The smartphone reduced the number of devices a person carries and, just as the smartphone collapsed a fragmented ecosystem of cameras, mp3 players and cellular devices into a single, unified platform that fit in your pocket, generative AI is currently collapsing a fragmented landscape of research tools into more singular connected research ecosystems. We are beginning to see some stabilization and contraction of the tool marketplace as tools mature and begin to truly show their combined potential. What comes next is not just about being faster and more efficient.
In the past, scaling research meant managing high levels of complexity. Researchers relied on an expanding number of isolated point solutions. This required coordinating separate platforms for surveys, qualitative tagging, social listening, and automated interviews. While this “bolt-on” approach expanded the scale of our work, it introduced user friction and fragmented the quality of the insights generated. To gather a comprehensive understanding of their users, an organization might have to manually coordinate separate tools for product testing and social listening, alongside dedicated dashboard programs, and a CSAT program.

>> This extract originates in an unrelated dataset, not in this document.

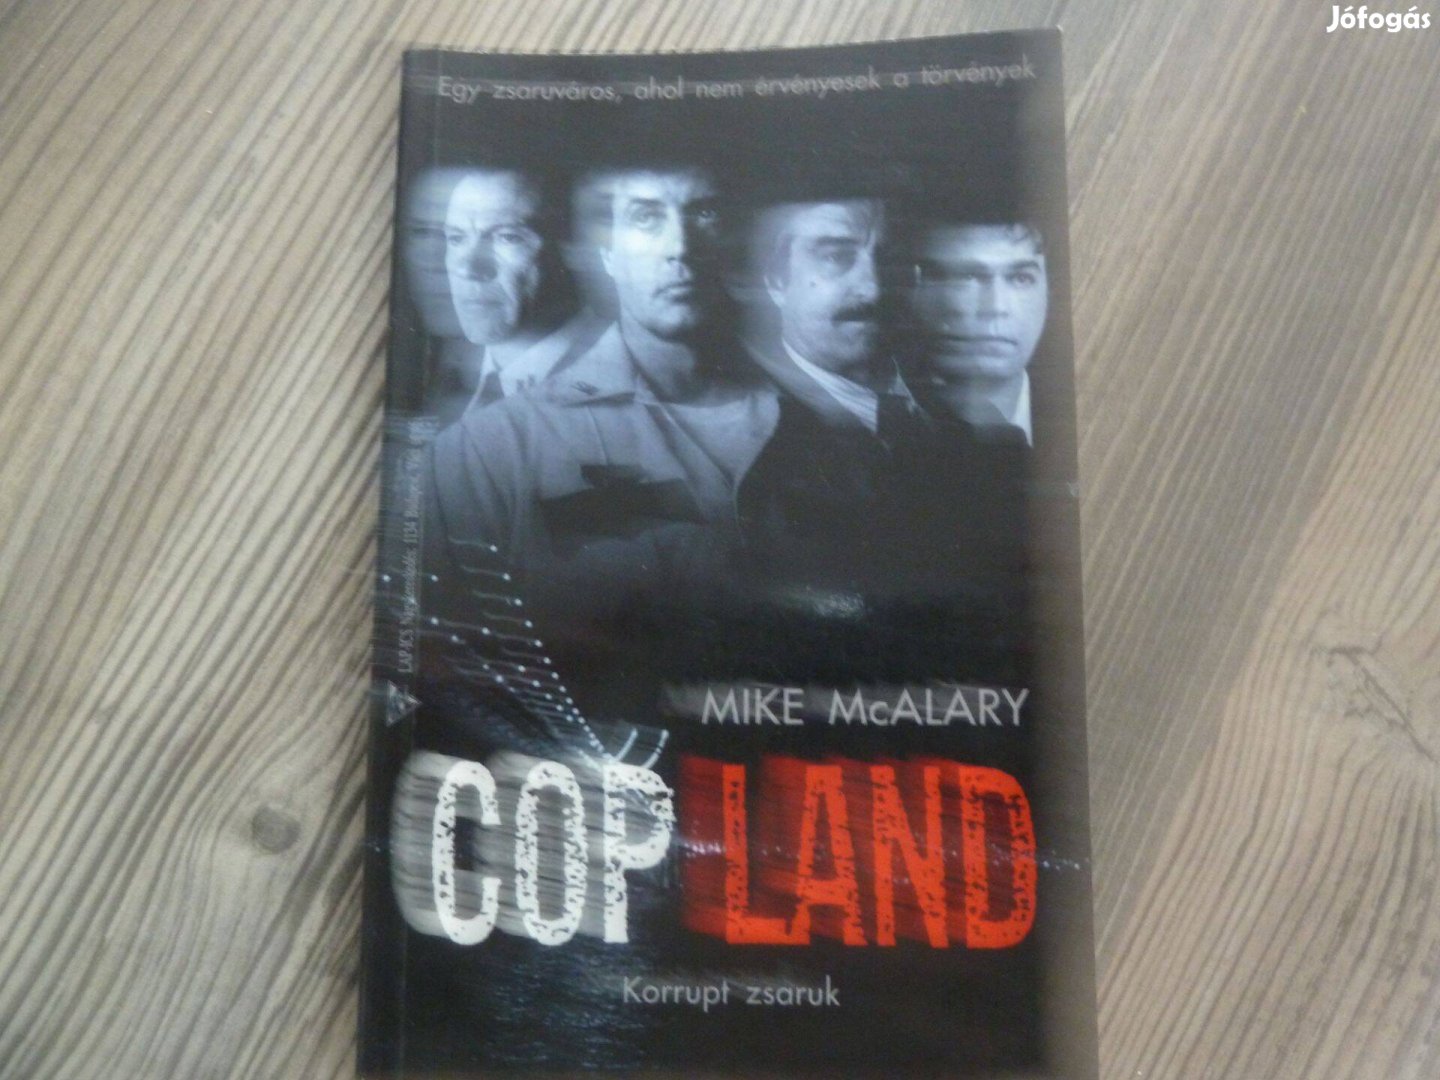 Mike Mcalary: Cop Land

These tools are powerful in isolation, but integrating them can be a mess and manual integration often results in a loss of some level of fidelity. For example, dashboards provide vital quantitative visualization, but offer only limited qualitative synthesis, leaving the “why” behind the data partially obscured.
We are now transitioning into a post-AI reality that begins to solve for this fidelity loss. More generalized AI tools are rapidly gaining specialized capabilities that were once the domain of purpose built software. In cases where there are still gaps compared to point solutions, generalized platforms are increasingly able to integrate with outside sources. This allows impactful ad hoc integration of diverse data sources to an extent that often was not previously possible or practical. Analyzing workflows across data sources in a single environment offers a single unified point of entry and reduces tool fatigue, which often compromises research quality and reduces buy-in outside research organizations. In cases where point solutions still hold the edge, generalist AI tools are increasingly able to dynamically access outside tools in complex ways, pulling in strengths from across an ecosystem of research platforms.